Sports on the Hill is organized exclusively for charitable, educational, and public service purposes, including, for such purposes, the making of distributions to organizations that qualify as exempt organizations under section 501(c)(3) of the Internal Revenue Code, or corresponding section of any future tax code.
Section 2. Nonprofit. The Corporation is nonprofit and shall not have or issue shares of stock or pay dividends. The directors and officers shall serve in this capacity without compensation.
ARTICLE III: OBJECTIVES
The objectives of the Corporation, in furtherance of the purpose stated in Article II, shall be as follows:
1) To foster, promote, and advance the cause of youth sports in Washington, DC, especially in the Capitol Hill neighborhood.
(2) To instill a love of youth sports, with sportsmanship, learning, exercise, and enjoyment being primary;
(3) To seek the widest possible representation of boys and girls from all segments of the District of Columbia community and to make available scholarships to those who might otherwise be unable to participate;
(4) To the extent possible and practical, to achieve balance among Sports on the Hill teams in terms of talent, ability, residence, school, etc.; and
(5) To engage in any lawful activity that may serve the interests of the community.
ARTICLE IV: BOARD OF DIRECTORS
Section 1. Composition, Term, Removals and Vacancies. There shall be a Board of Directors consisting of a minimum of five (5) and a maximum of eleven (11) board members. Directors shall be of adult age. Directors need not be residents of the District of Columbia. Each director shall serve for a term of three years, or until a successor is selected. Candidates for membership on the Board shall be offered up by nomination of an existing Board member for Board approval. All directors shall take an active role in the work of the Corporation and a director who has missed three or more consecutive meetings may be removed by a majority vote of the board members then sitting. A director may be removed for any reason by a vote of two-thirds of the board members. Any director may resign at any time by giving notice of resignation to any officer of the Board. Vacancies may be filled at any time by a majority vote of board members.
Section 2. Powers and Duties. The Board of Directors shall constitute the governing body of the Corporation. The Board of Directors shall have all powers necessary to carry out the purpose of the Corporation as set forth in Article II and the objectives of the Corporation as set forth in Article III, including the general power to manage and control the business and affairs and property of the Corporation. Except as otherwise provided in these by-laws, the Board of Directors shall manage the affairs of the corporation. The authority of the Board includes the following:
(1) Enforcing the these by-laws;
(2) Developing the overall policies and procedures of the organization;
(3) Determining the activities conducted by the organization;
(4) Settling all disputes and protests;
(5) Overruling actions of any officer;
(6) Establishing rules governing games, competitions and tournaments for all sports and activities of the organization, including scheduling;
(7) Establishing other rules for the conduct of the organization’s activities, as appropriate, and;
(8) Settling all fees, dues, and other assessments.

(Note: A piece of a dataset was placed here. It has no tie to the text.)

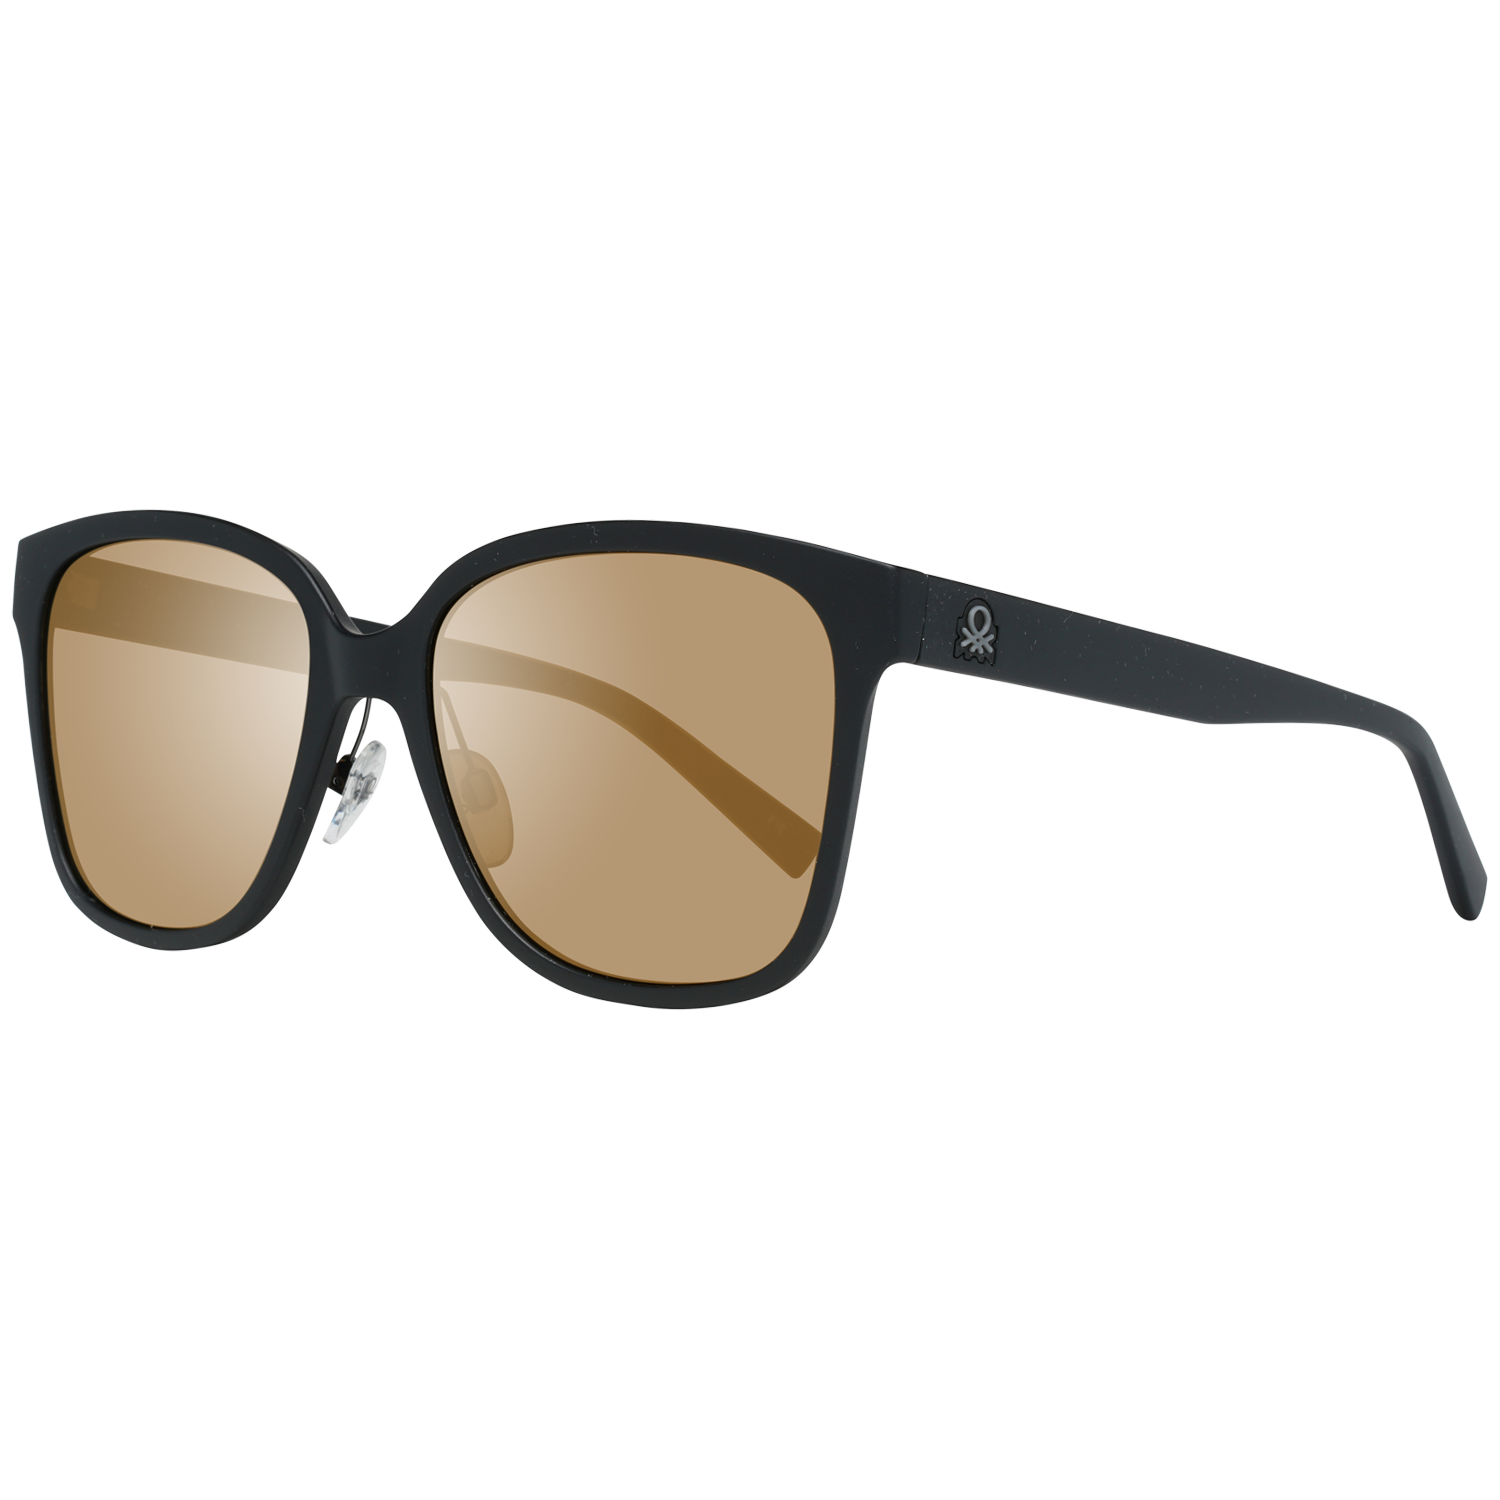 Benetton Sunglasses BE5007 001 56 Black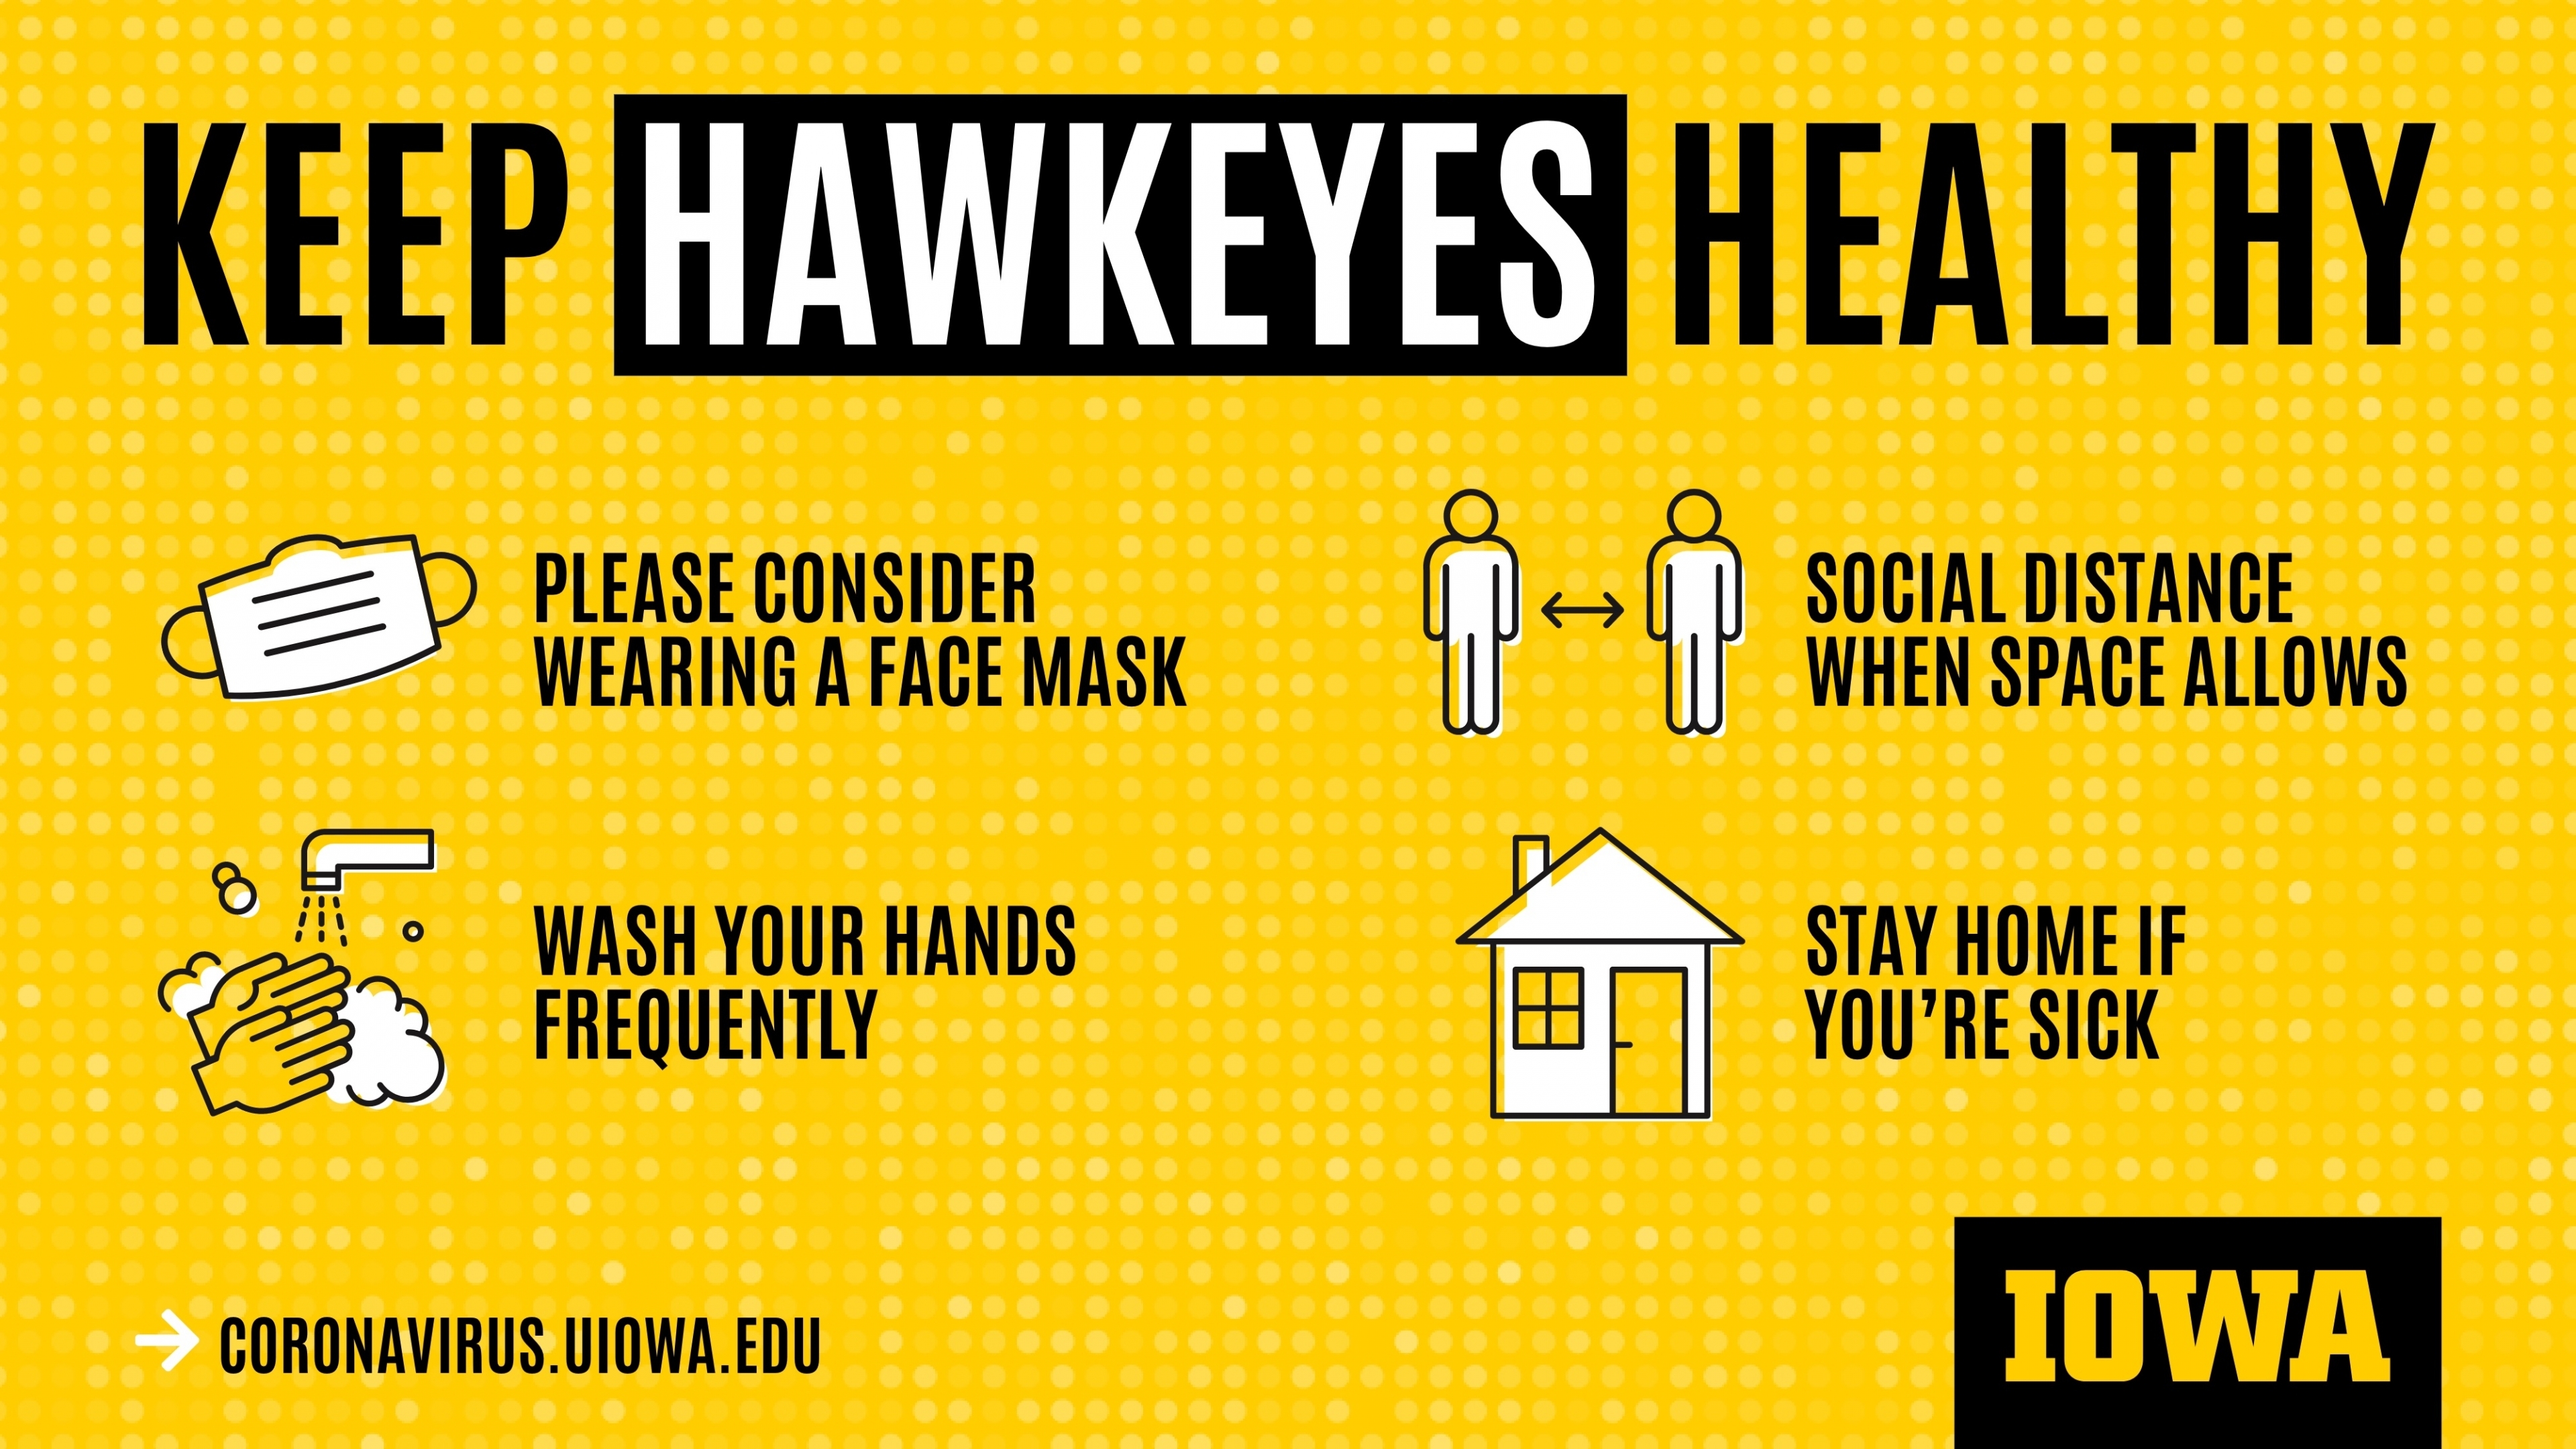 Keep Hawkeyes healthy

The Board shall have full power, by majority vote of all Board members, to adopt rules and regulations governing the action of the Board. It shall have full and complete authority with respect to electing to accept, on behalf of the Corporation, any contribution, bequest, or devise and with respect to the distribution and payment of moneys or other donations received by the Corporation. The Board of Directors does not have authority to amend or change the fundamental and basic purposes of the Corporation, as expressed in the Articles of Incorporation, or to permit any part of the net earnings or capital to inure to the benefit of any director or officer. All directors shall have the same power and authority, and shall be entitled to one (1) vote.
Section 3. Place of Meeting. The Board of Directors shall hold regular meetings at dates, times, and places determined by the Board. The President of the Board shall prepare an agenda, includes a Treasurer's report.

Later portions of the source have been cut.